Wednesday, March 11, 2015

Sometimes people you don't like...

Sometimes people you don't like do things you do like. Senator Rand Paul is someone in that category.

He has introduced some legislation that could help 7 million overseas Americans who are suffering from lack of banking facilities and draconian tax requirements. 

For example, children born of Americans in another country are automatically considered American even if they are never registered and must pay tax on everything they ever earn any where in the world even if they never, ever set foot on U.S. soil and none of their money ever comes from the U.S.

And if their banks find out they are American, they won't be able to open accounts, make any investments, have a loan, a credit card, etc.

Paul doesn't want to change the CBT (Citizen Based Taxation) part of the attack on expats, but he does want to do something about the banks all over the world that have succumbed to US pressure to report on their American account holders.
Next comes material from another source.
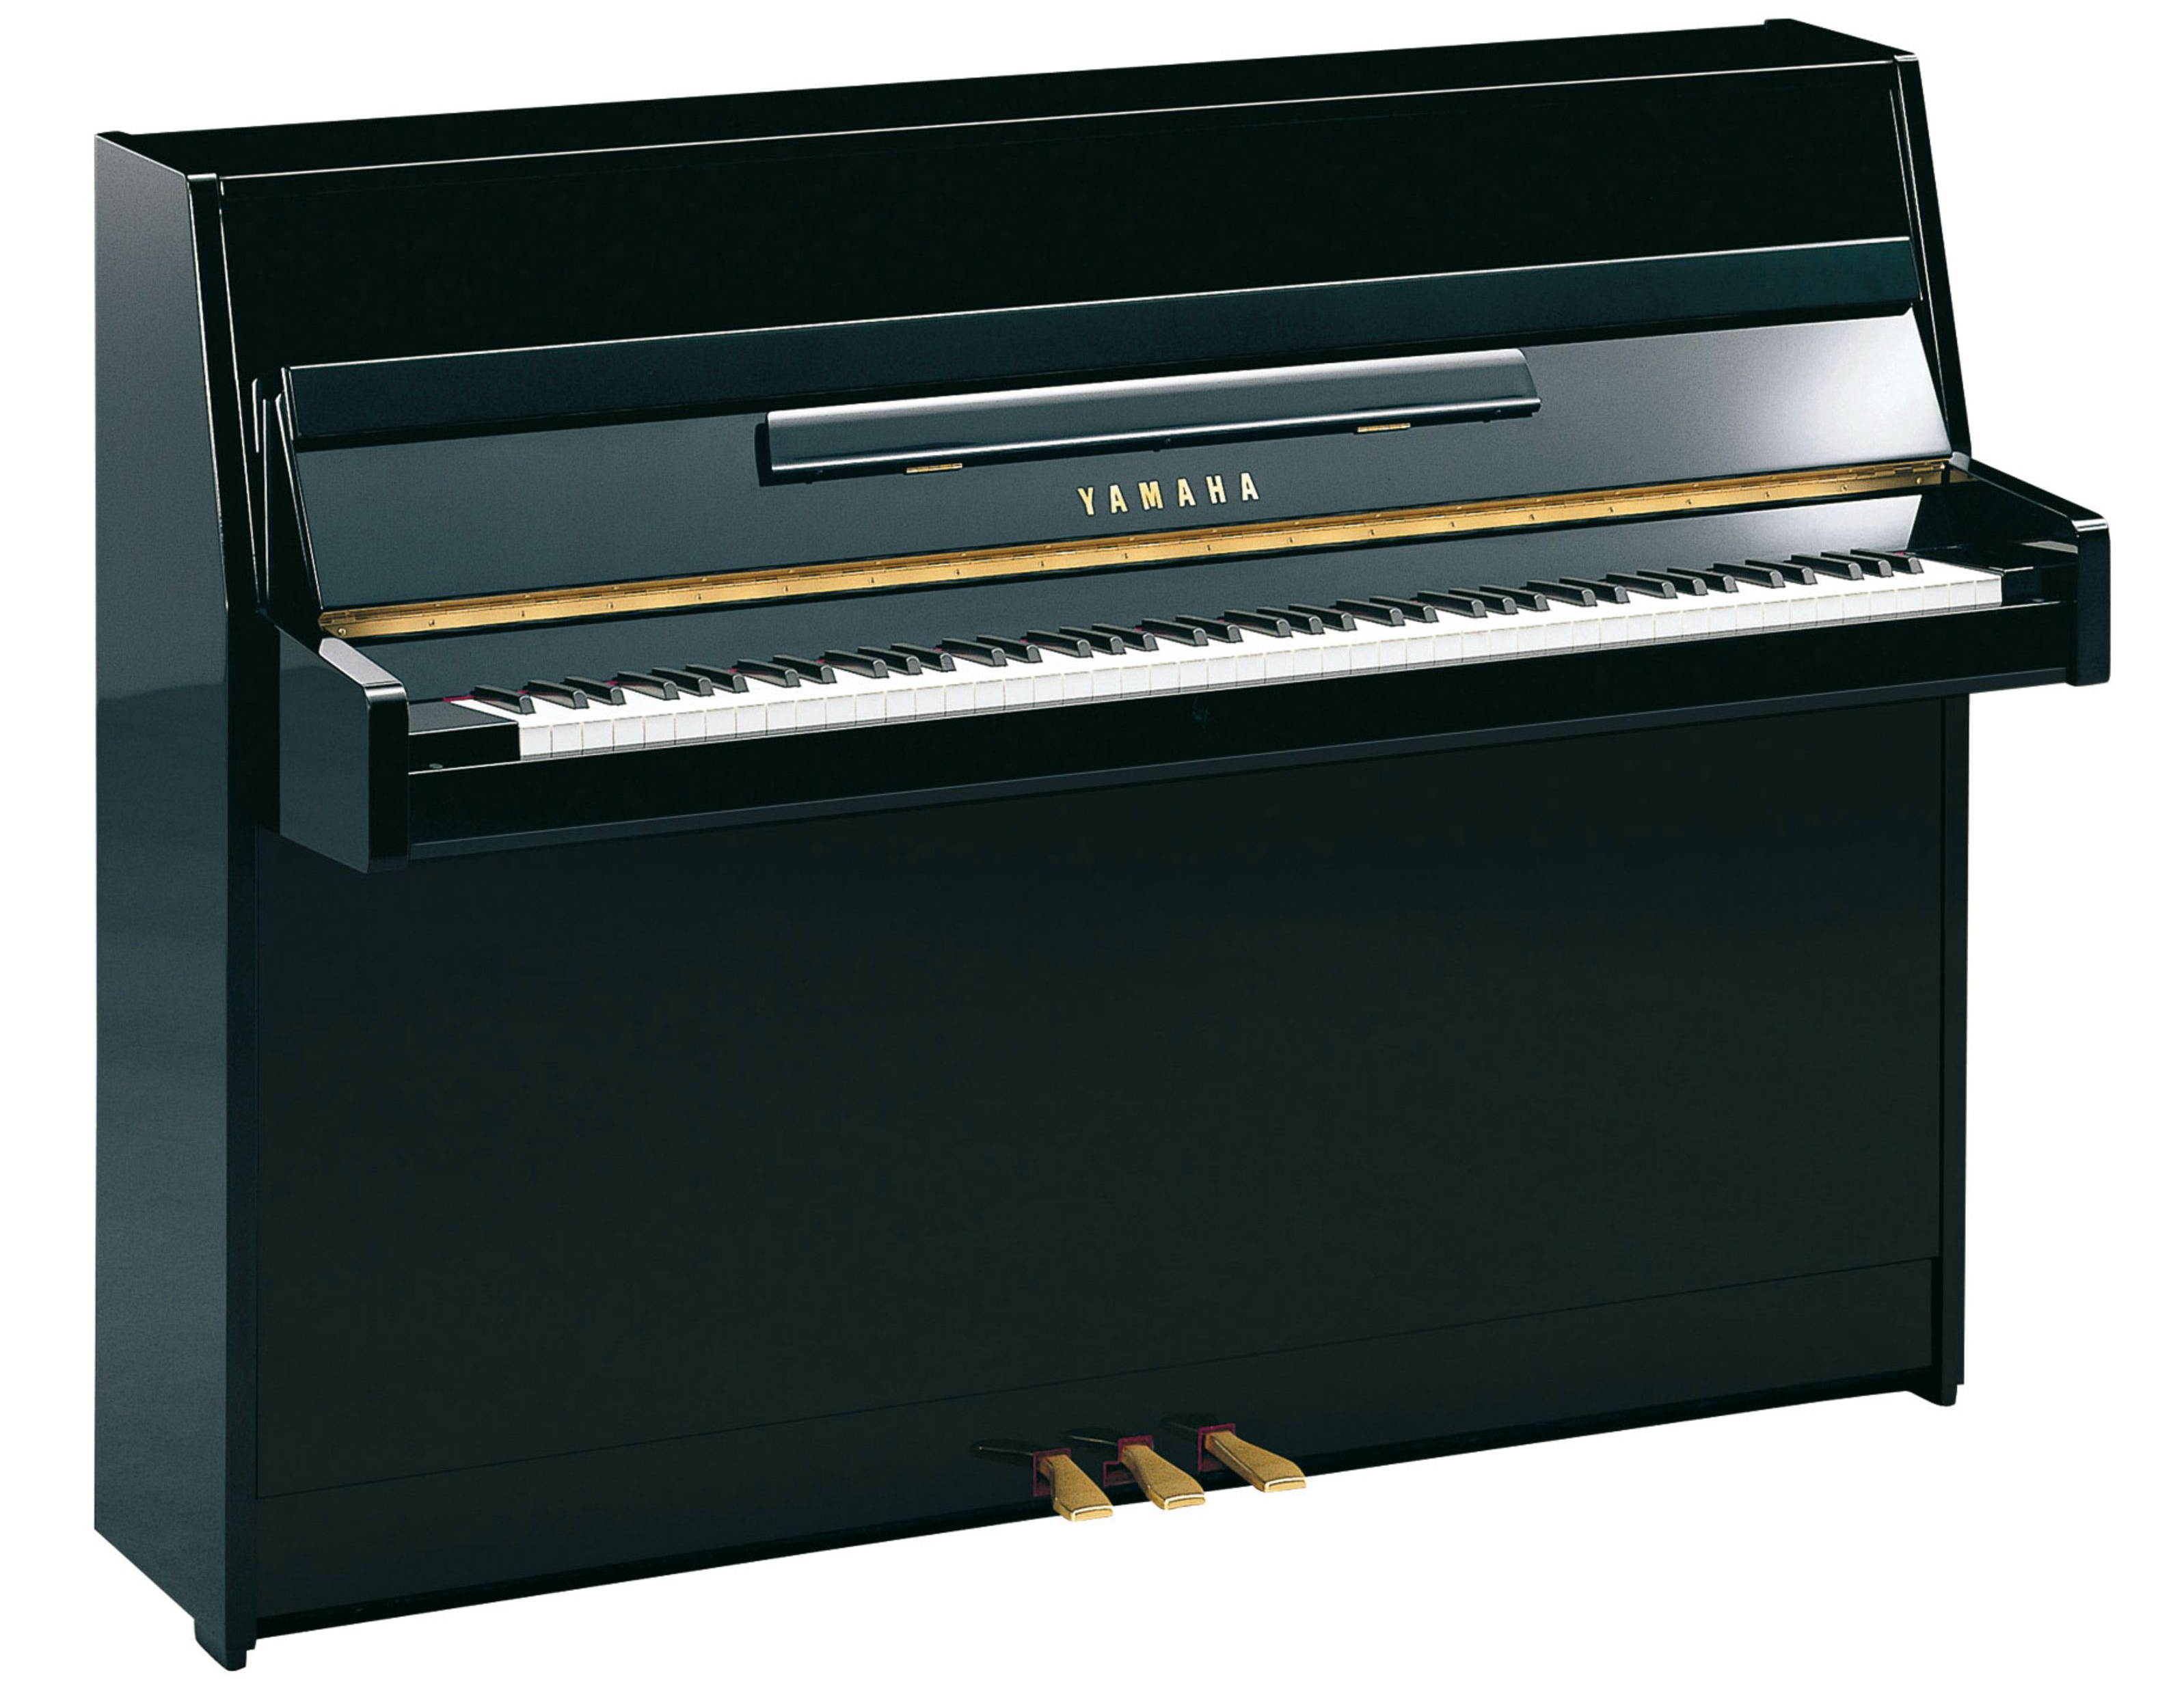 Yamaha B1 PE Piano 109 cm Black polished | MUSIC STORE professional

As a result the banks are slamming the door in American faces. 

I'd put banks in the same category as Paul. Sometimes they deserve sympathy even if they are usually not likeable.

Rand Paul, the Kentucky senator and 2016 Republican presidential hopeful, is leading an effort to repeal a tax law despised by millions of Americans who live and work outside the United States.

Paul formally introduced legislation this month in the Senate to reverse the main requirements of the Foreign Account Tax Compliance Act, (FATCA or as many call it FATCAt because it is designed to catch the rich expats. Contrary to homeland belief, most expats aren't rich, but ordinary middle class people) saying the law has wrongly deprived American ex-patriots of access to banking services, violated their privacy and forced many to renounce their citizenship.
“Not only is FATCA dangerous with respect to the privacy protections owed to every American — home or abroad — it has threatened the livelihood of millions of Americans working or living overseas,” Paul said.

Likewise the Washington Times, is not a paper whose political stance is one I often agree on, but I'm glad they covered this story.